• [Data]:

·····

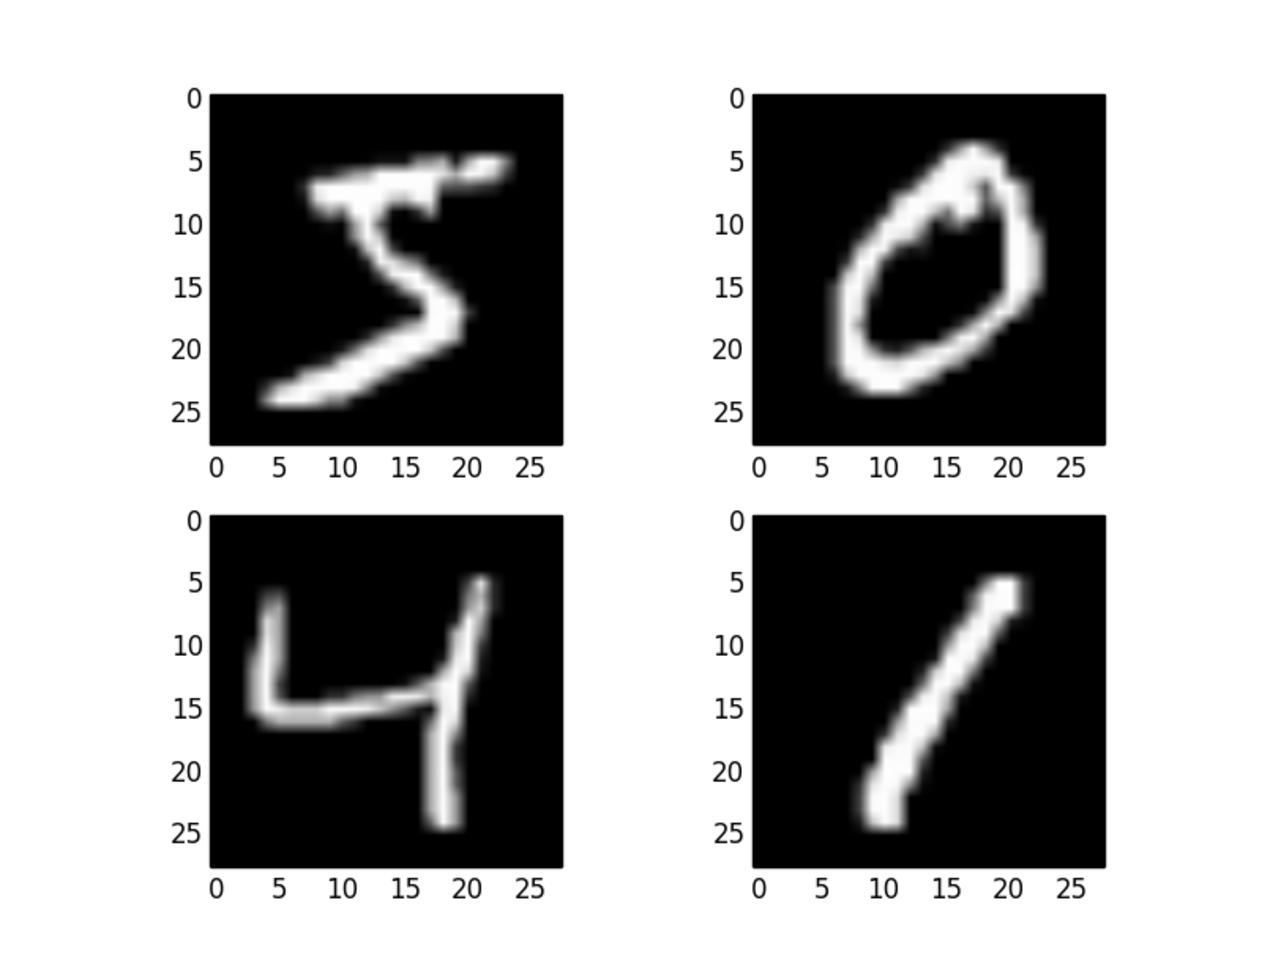 fashion Mnist datasets using CNN(tensorflow)
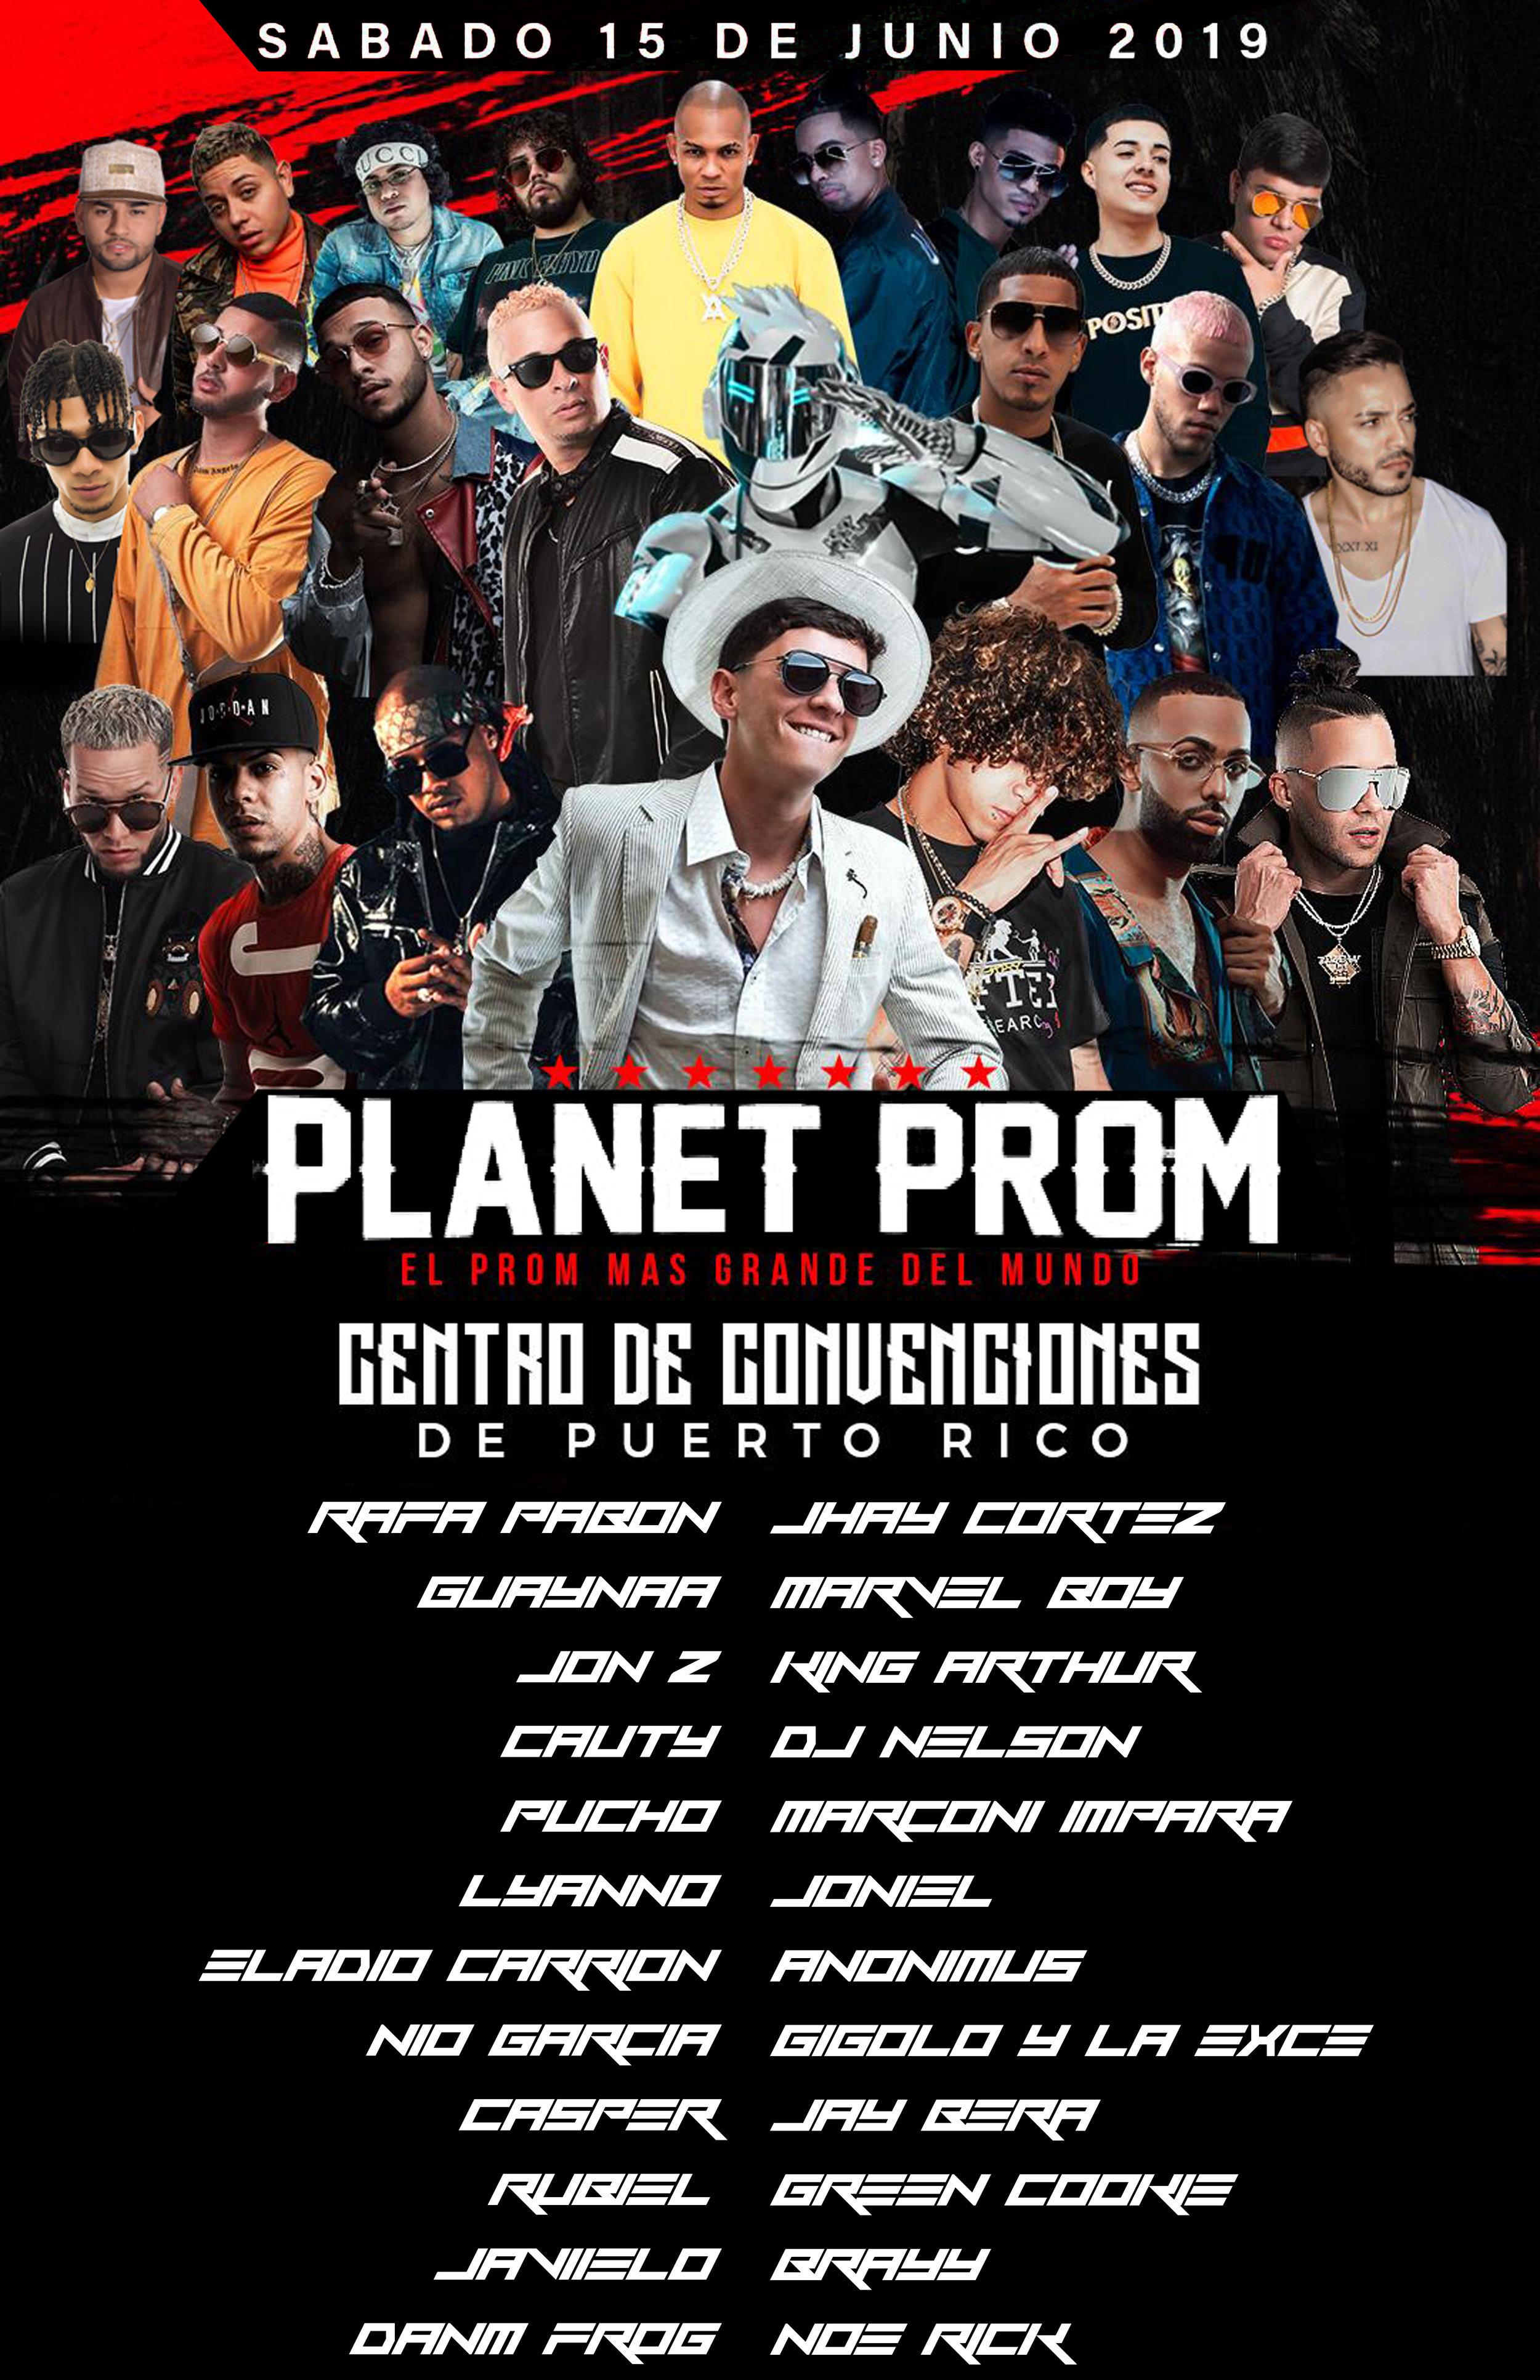 Planet Prom web3.jpg
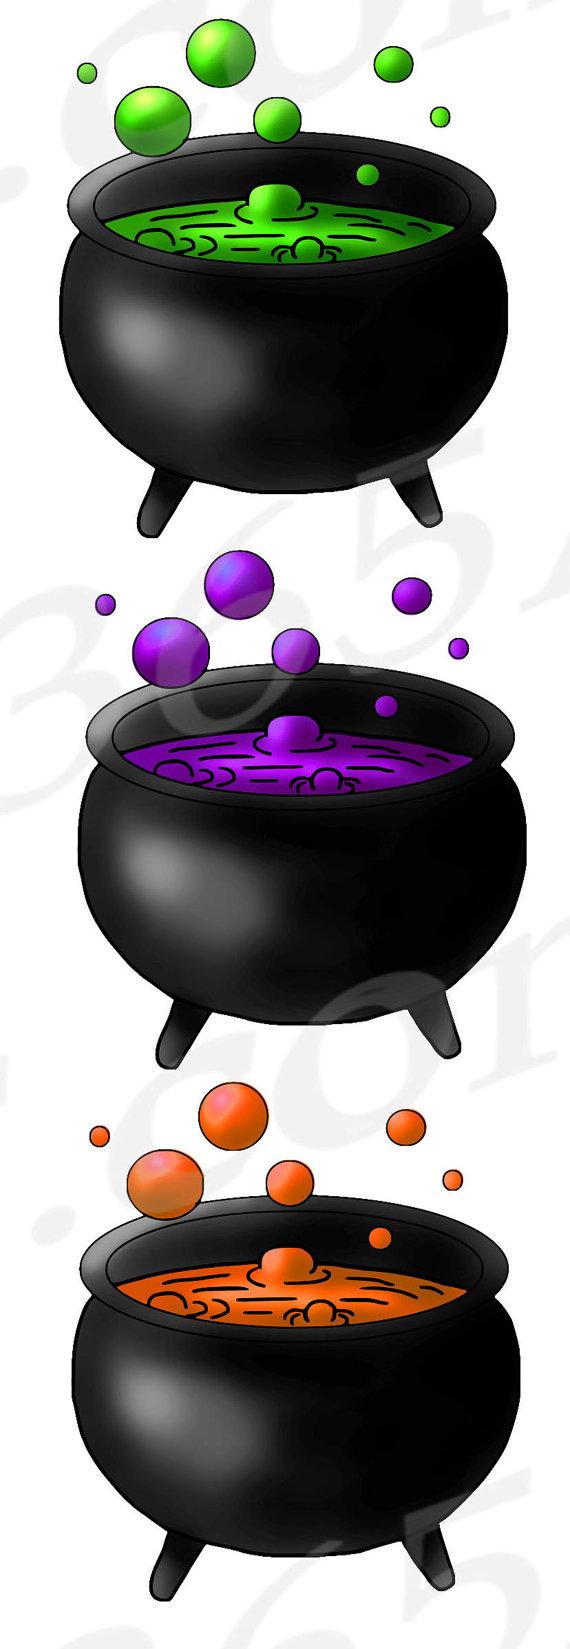 Cauldron Images
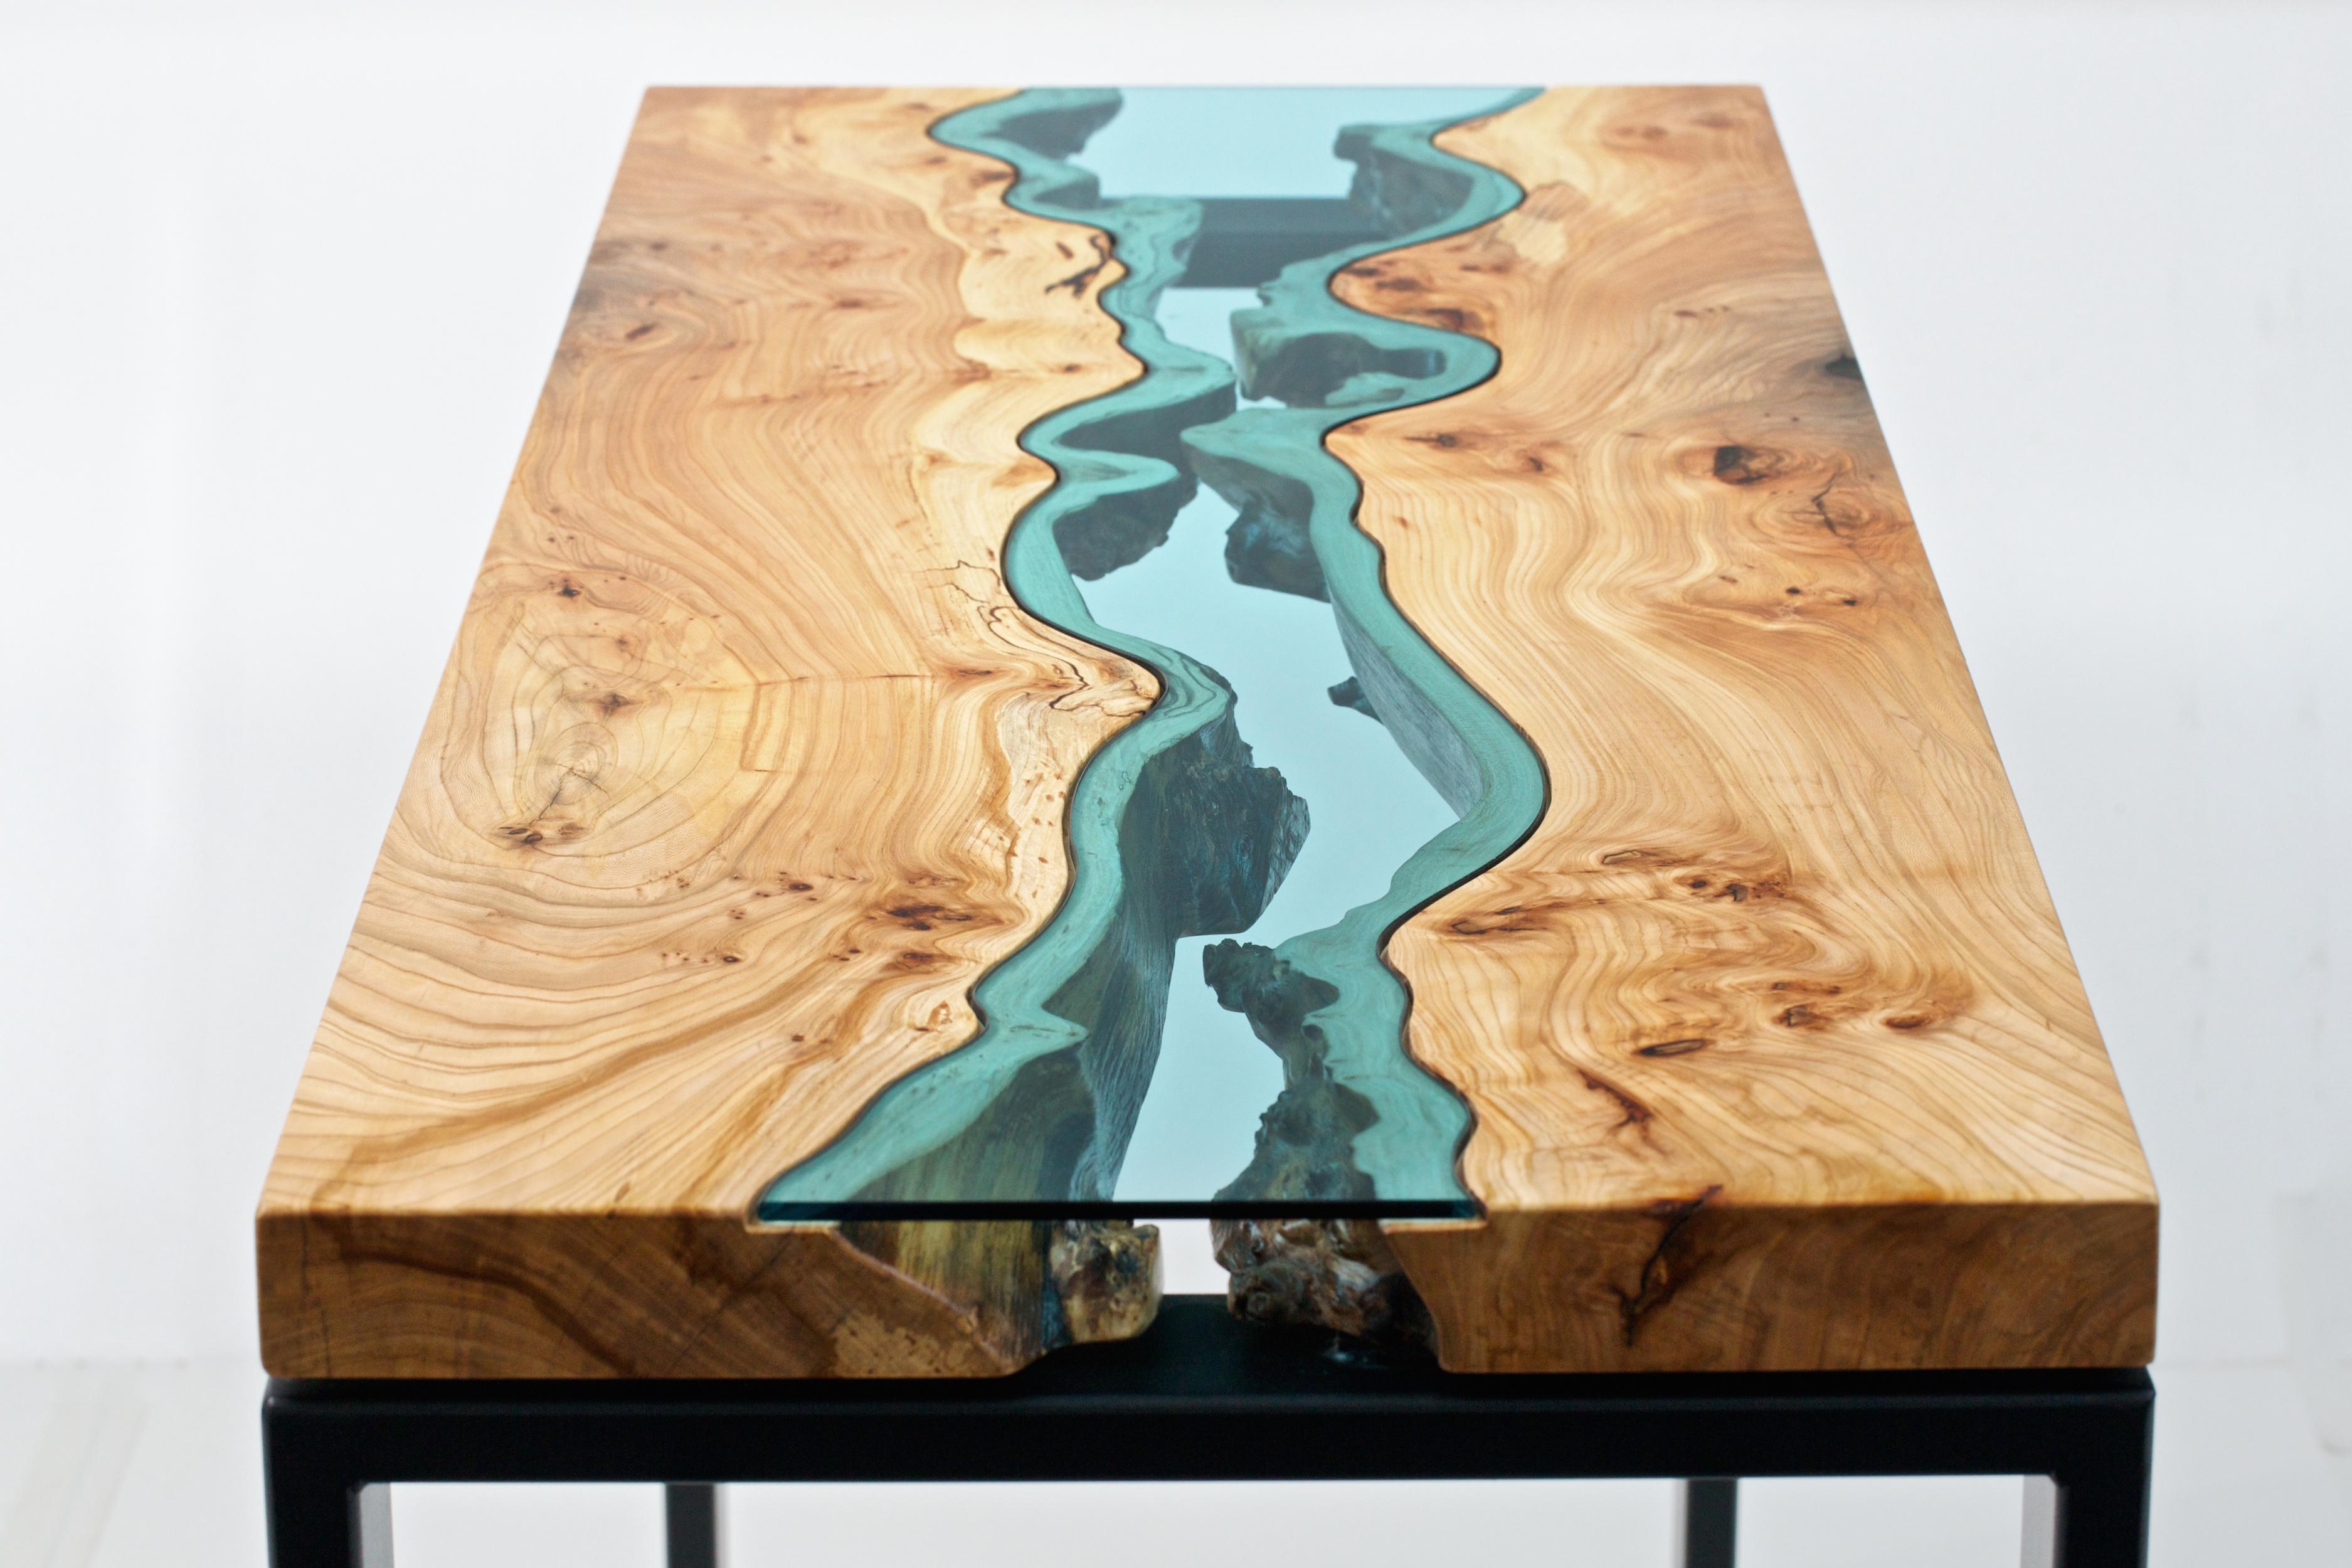 Elm River Table.Greg Klassen - Greg Klassen

·····

• [Problem to solve]: Please retype the data exactly, but do not carry over any picture.

• [Task output]:
 fashion Mnist datasets using CNN(tensorflow)
 Planet Prom web3.jpg
 Cauldron Images
 Elm River Table.Greg Klassen - Greg Klassen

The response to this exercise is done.